-- Extracted information --
____

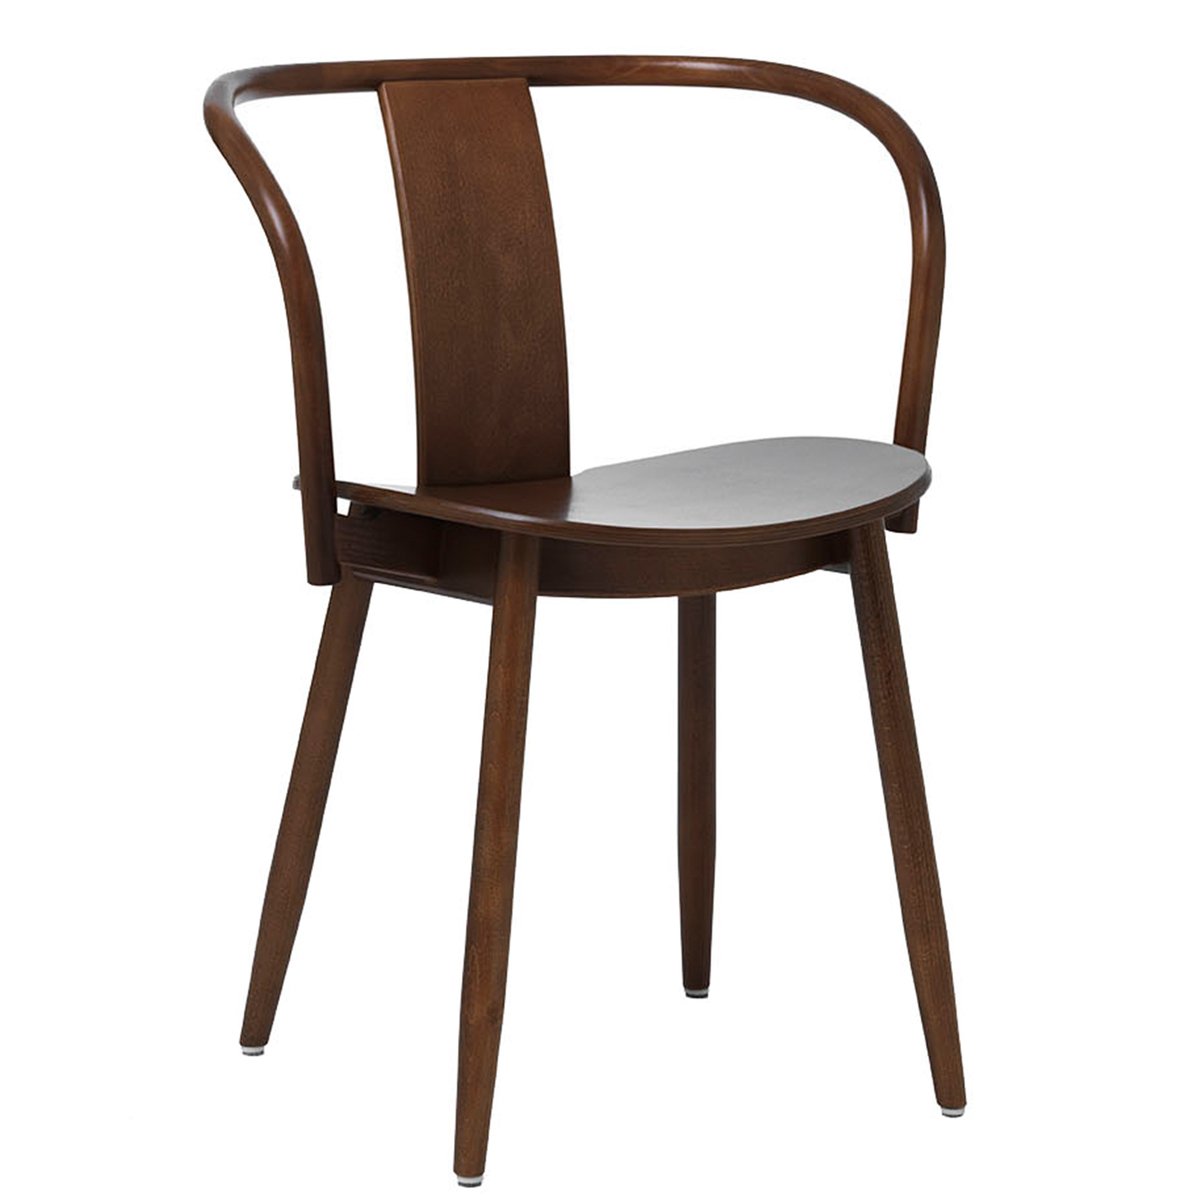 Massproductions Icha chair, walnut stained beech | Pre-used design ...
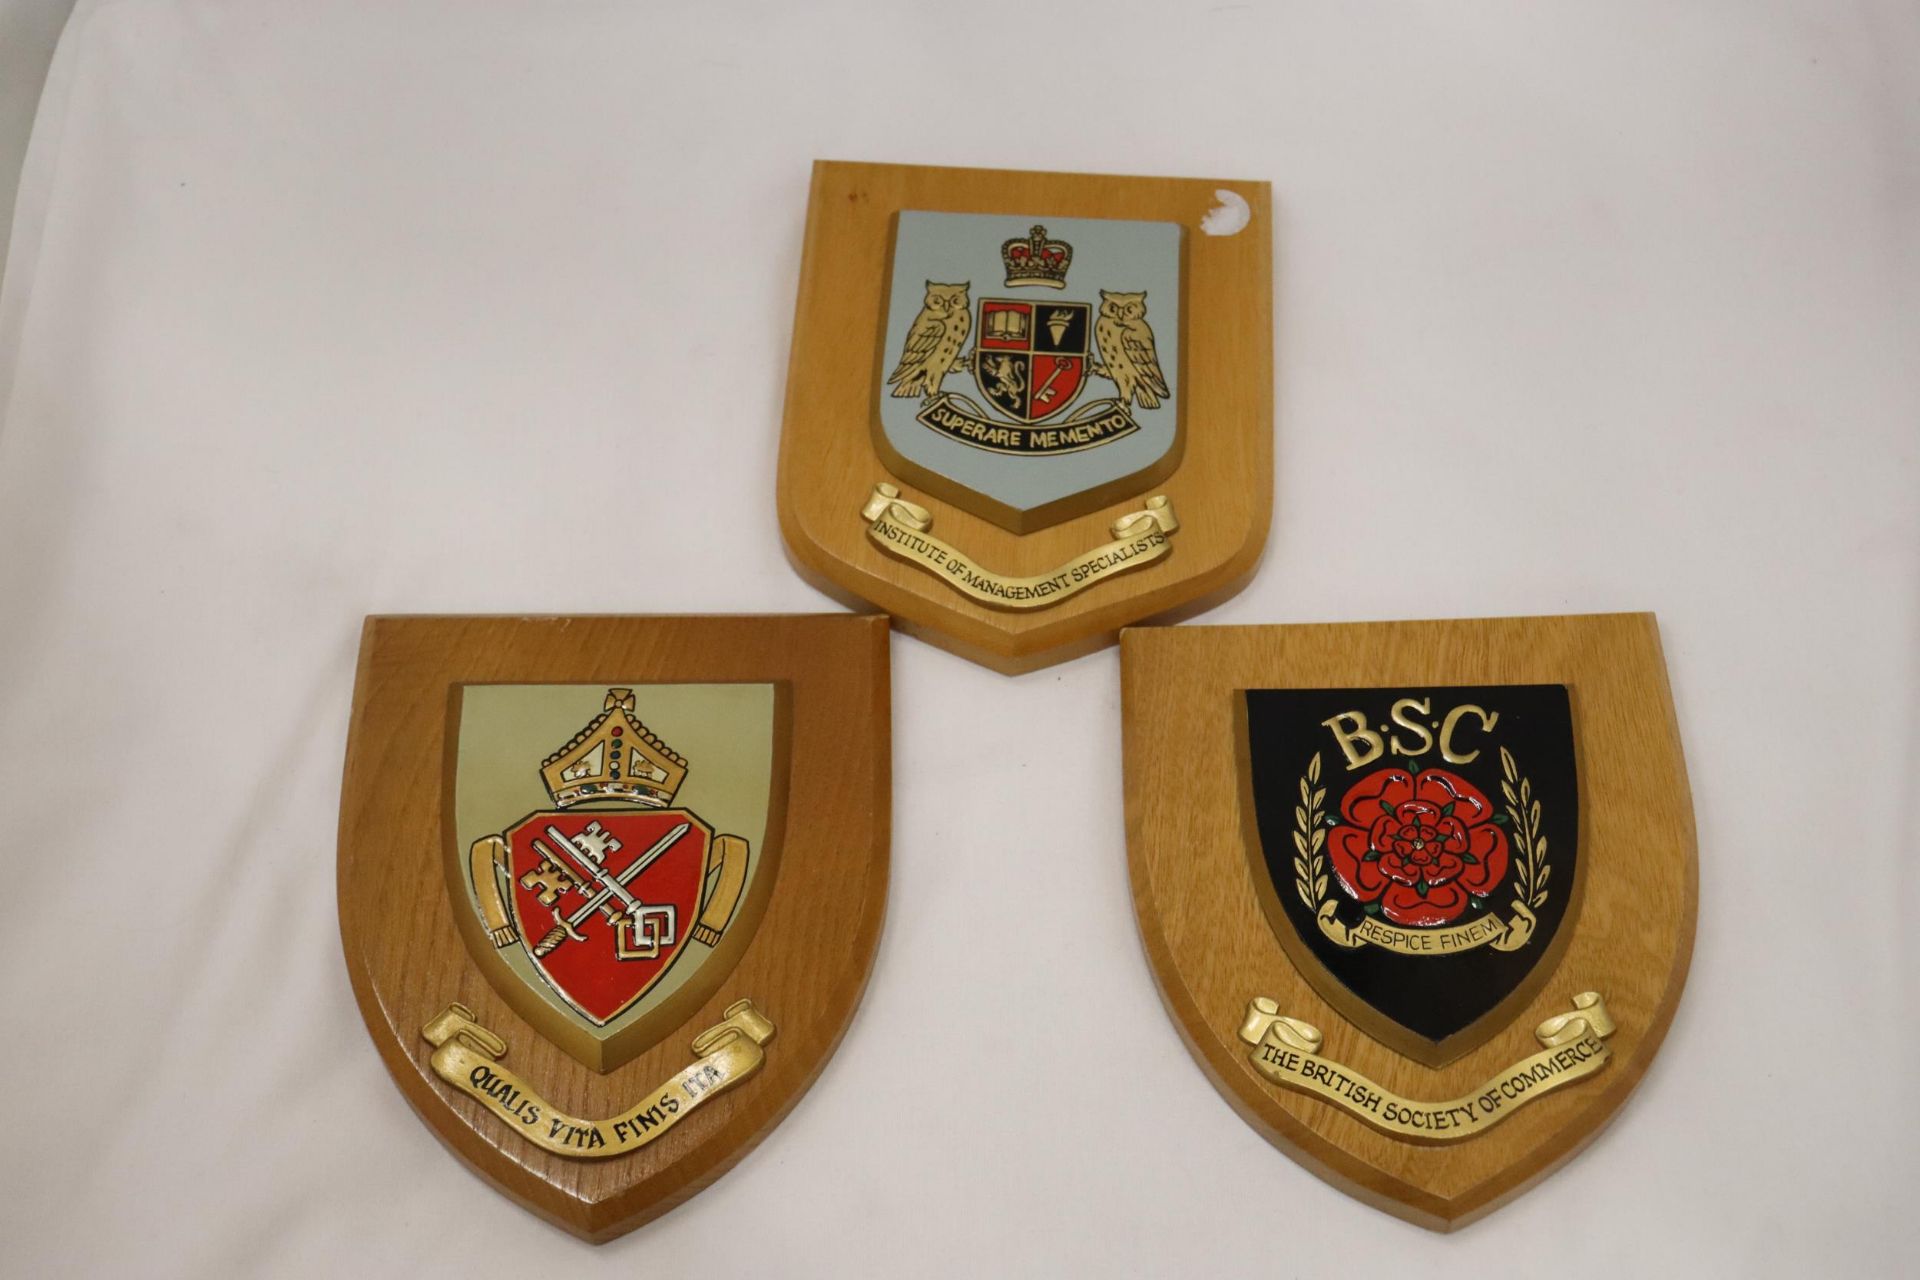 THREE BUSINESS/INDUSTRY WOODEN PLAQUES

____

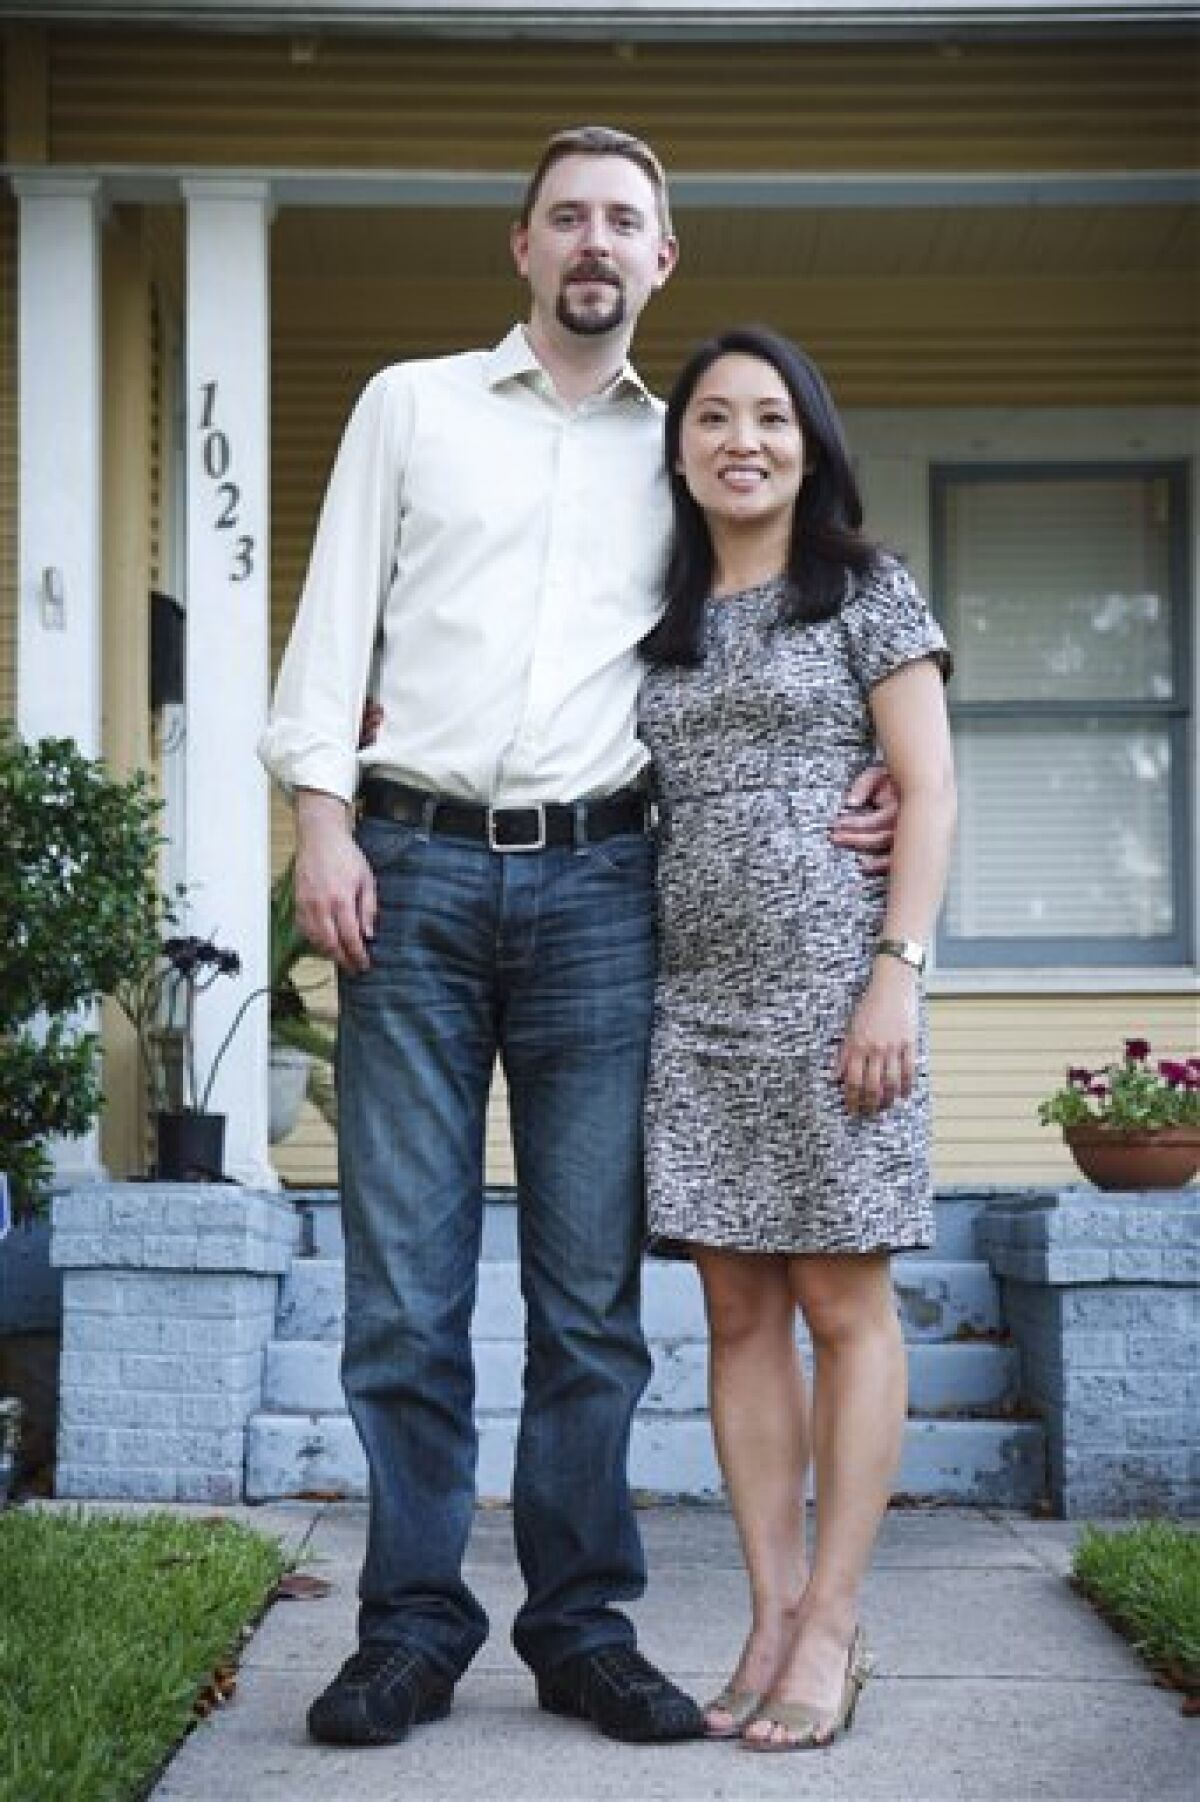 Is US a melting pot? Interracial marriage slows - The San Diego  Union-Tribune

____

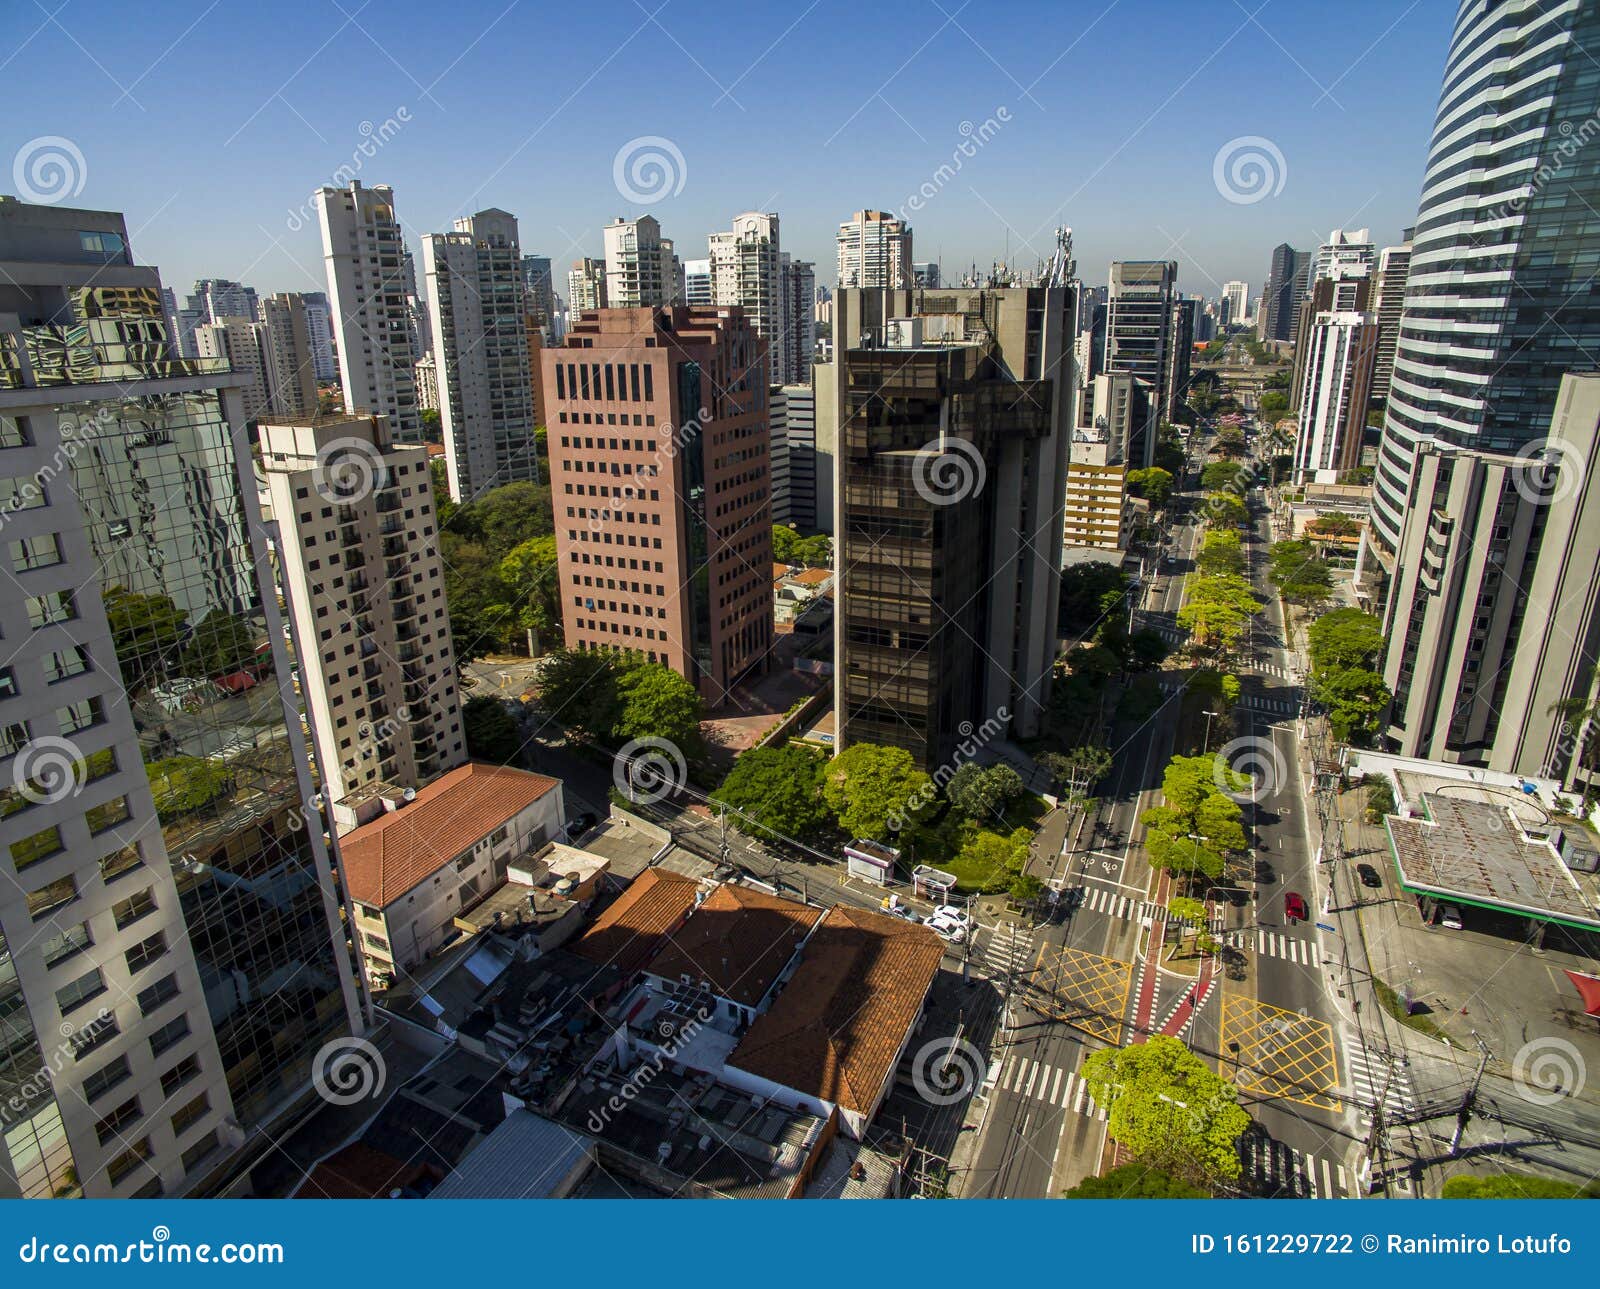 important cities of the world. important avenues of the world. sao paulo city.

____

-- What to work on --
The lines above from the line with "Massproductions Icha chair, walnut" through the line with "THREE BUSINESS/INDUSTRY WOODEN PLAQUES" are to be given again word for word, with no pictures among them.

-- Task answer --
 Massproductions Icha chair, walnut stained beech | Pre-used design ...
 THREE BUSINESS/INDUSTRY WOODEN PLAQUES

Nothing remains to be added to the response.